1. A vacuum pump, characterized in that said vacuum pump comprises:

the pump body is provided with an air inlet channel and an air outlet channel;

the end cover is fixedly connected with the pump body, a cylindrical pump cavity is formed between the end cover and the pump body, and the end cover is composed of a cover body and a plurality of cover plates which are rotatably connected to the cover body through rotating shafts;

the input shaft is rotatably arranged on the pump body and extends into the pump cavity, and the input shaft is eccentrically arranged;

the rotor is arranged in the pump cavity and fixedly connected with the input shaft, a plurality of blades are arranged on the rotor in a sliding mode, and when the rotor rotates, the end portions of the blades can abut against the inner wall of the pump cavity, so that the pump cavity is divided into a plurality of sub-containing cavities;

and when the pressure difference between the air pressure of the air inlet channel and the air pressure of the air outlet channel is higher than a preset value, the control assembly can control the cover plate to rotate, so that the pump cavity is communicated with the outer side of the end cover, and the vacuum pump fails.

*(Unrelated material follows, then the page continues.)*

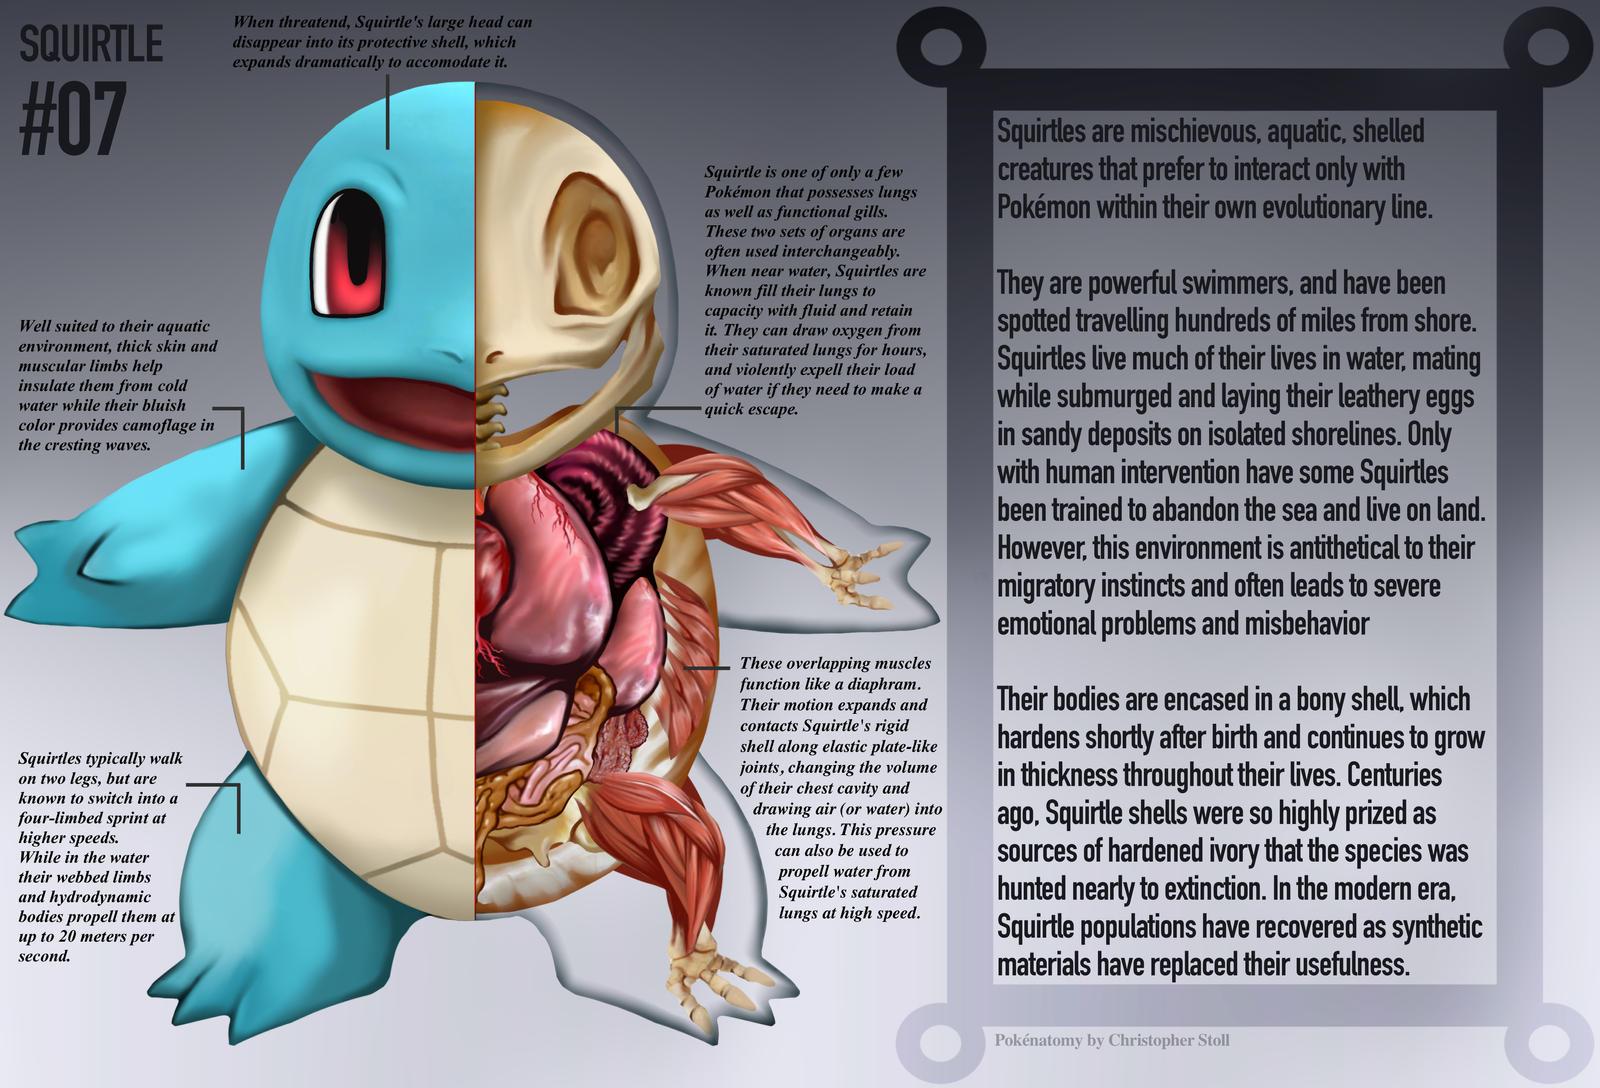 Squirtle Anatomy- Pokedex Entry
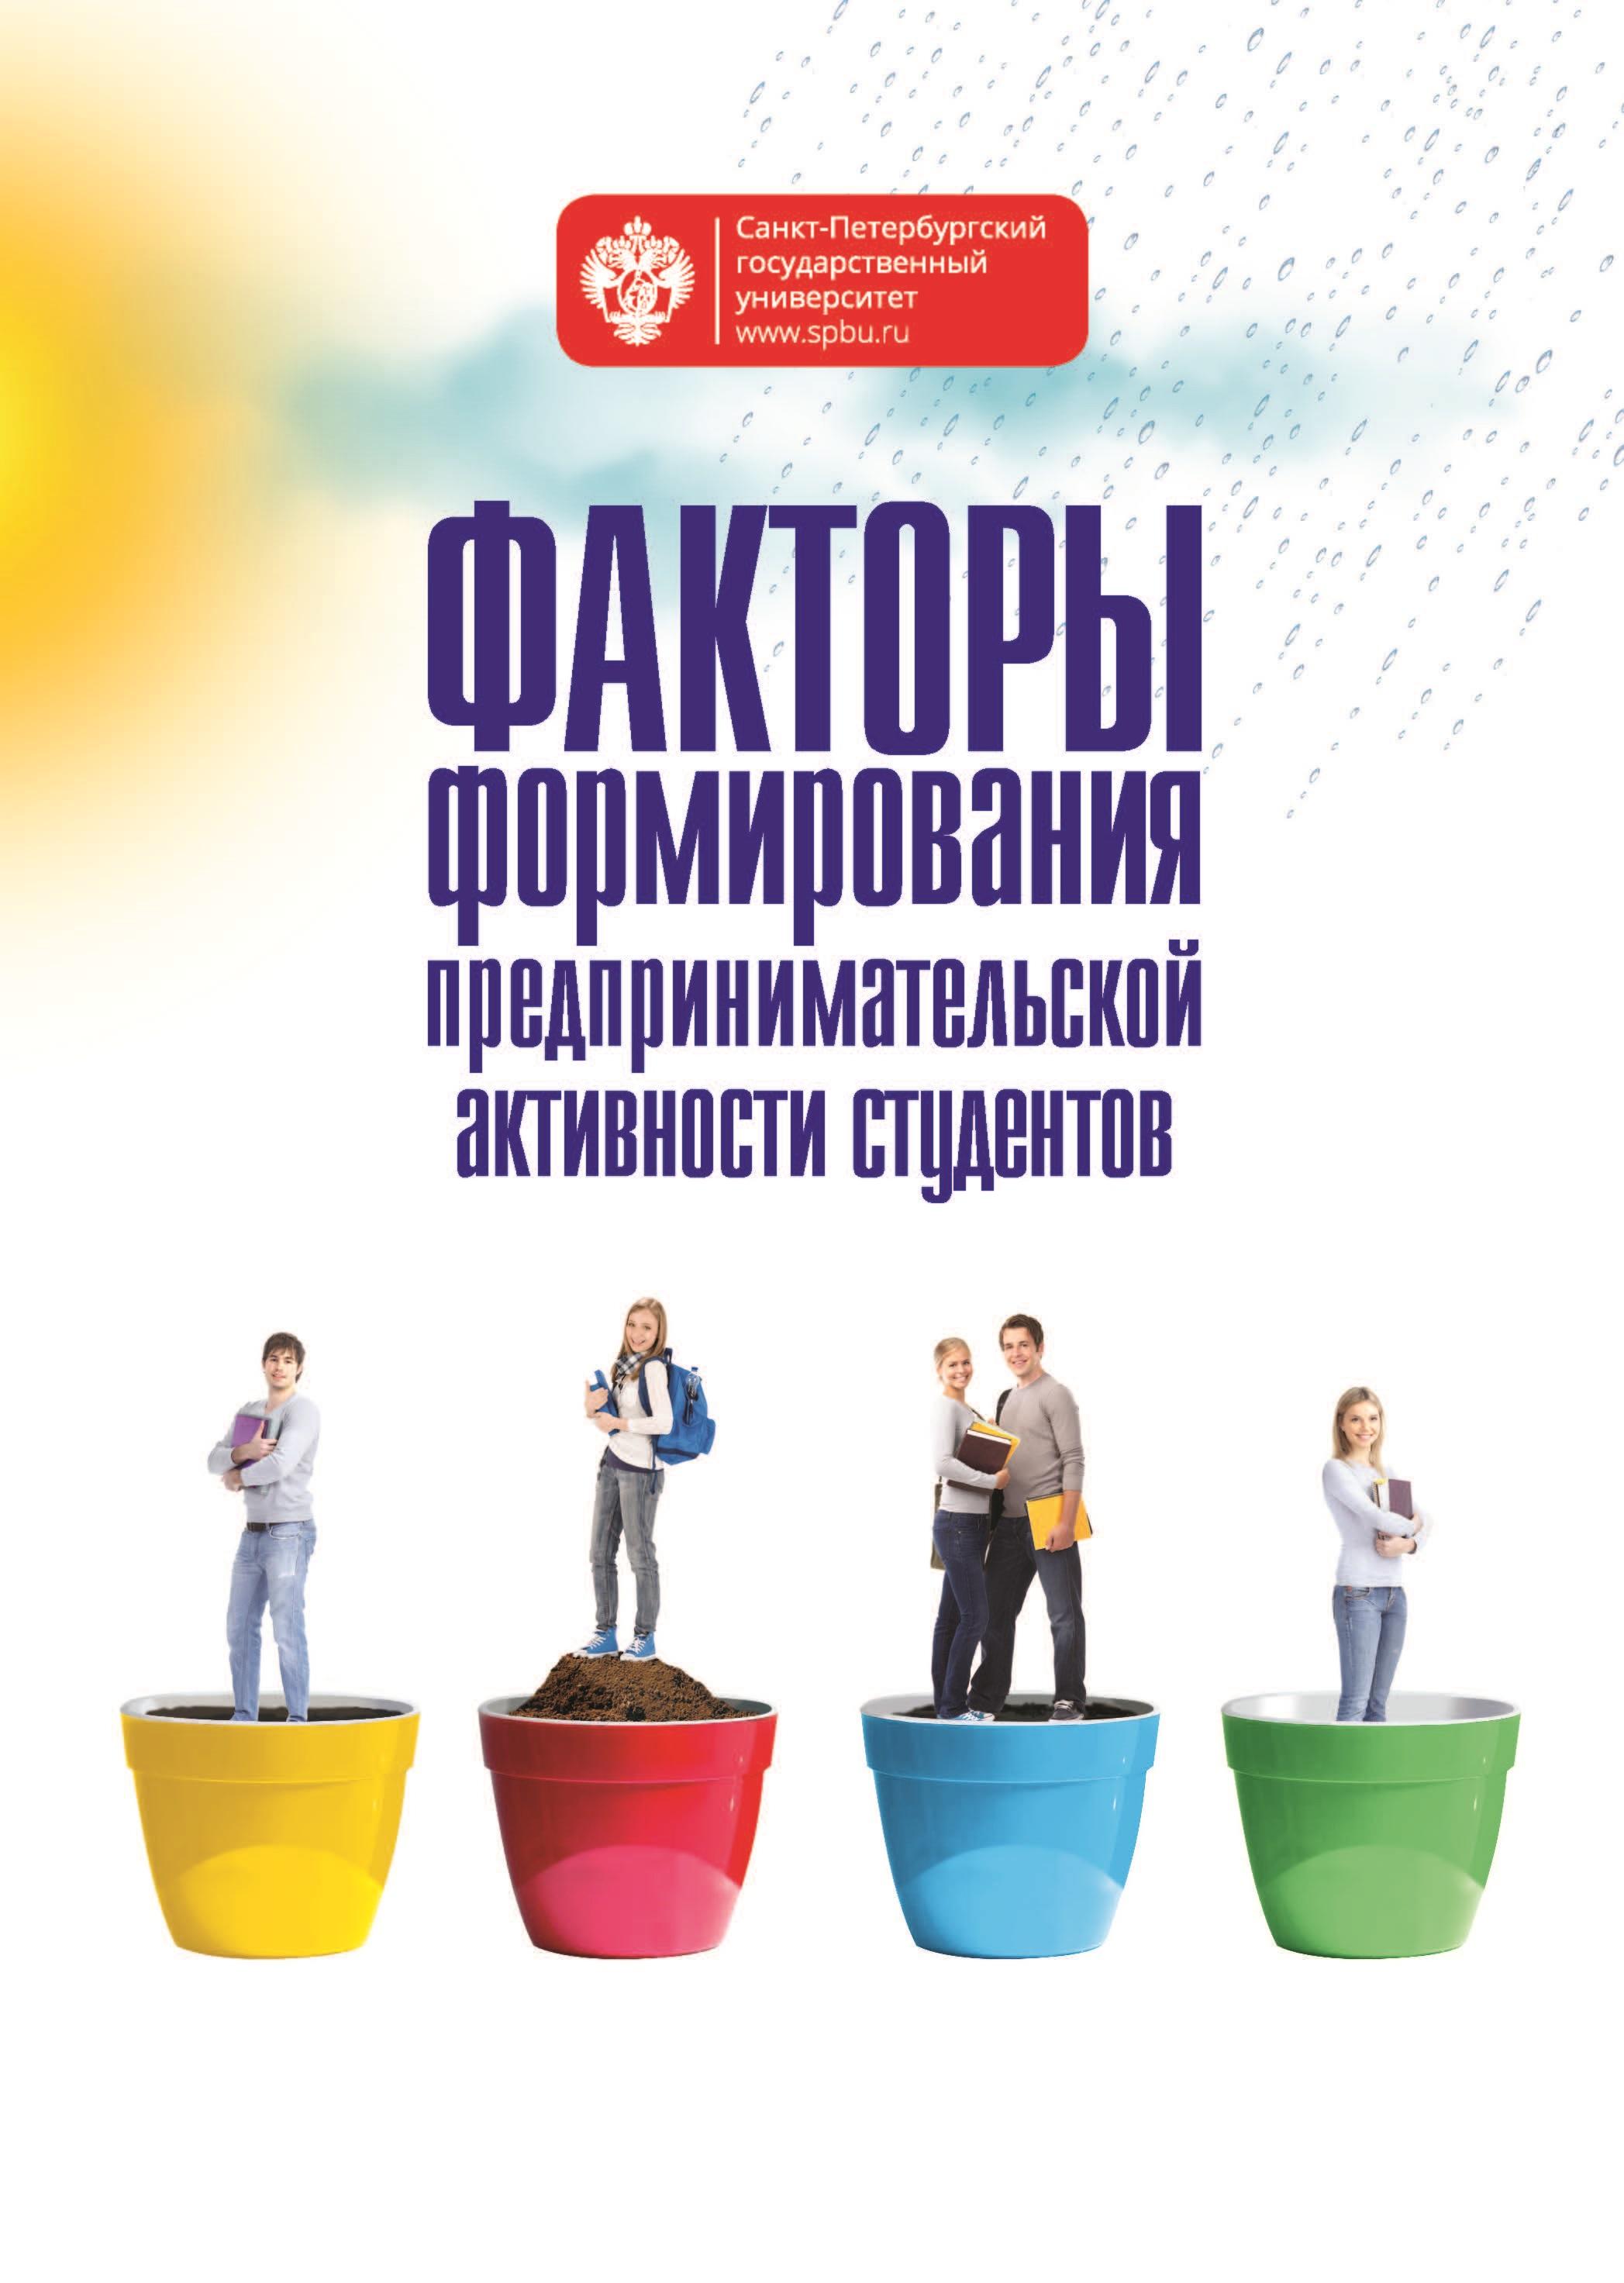 фото обложки издания Факторы формирования предпринимательской активности студентов

2. A vacuum pump according to claim 1, wherein a regulating cavity is formed in the pump body, the air inlet channel and the air outlet channel are both communicated with the regulating cavity, the regulating cavity is communicated with the pump cavity through a connecting channel, a first arc-shaped groove and a second arc-shaped groove are formed in one side of the pump cavity on the pump body, the connecting channel is communicated with the first arc-shaped groove, and the air outlet channel is communicated with the second arc-shaped groove.

3. A vacuum pump according to claim 2, wherein the pump body further comprises a control chamber, the control assembly comprises a control panel, a piston member and a plurality of toggle members, the control panel is rotatably disposed in the control chamber, the piston member is slidably disposed in the adjustment chamber, the toggle members are fixedly connected to the rotating shaft in a one-to-one correspondence manner, the control panel is provided with a first toggle protrusion and a plurality of second toggle protrusions, the piston member is provided with a first toggle groove, the first toggle protrusion is connected to the first toggle groove, the toggle members are provided with second toggle grooves, the second toggle protrusions are disposed in the second toggle grooves in a one-to-one correspondence manner, when the pressure difference between the air pressure in the air outlet channel and the air pressure in the air inlet channel is higher than a predetermined value, the piston member can move from a first working position to a second working position, thereby block inlet channel and interface channel to drive the control panel forward rotation, thereby can drive stir the piece rotation, and then drive the rotation axis forward rotation, thereby make the apron open.

4. A vacuum pump according to claim 3, wherein the control assembly further comprises an elastic member, the elastic member is disposed in the adjustment chamber, one end of the elastic member abuts against an inner wall of the adjustment chamber, and the other end of the elastic member abuts against the piston member, and when a pressure difference between the air pressure in the air outlet channel and the air pressure in the air inlet channel is lower than a predetermined value, the elastic member can drive the piston member to move from the second working position to the first working position.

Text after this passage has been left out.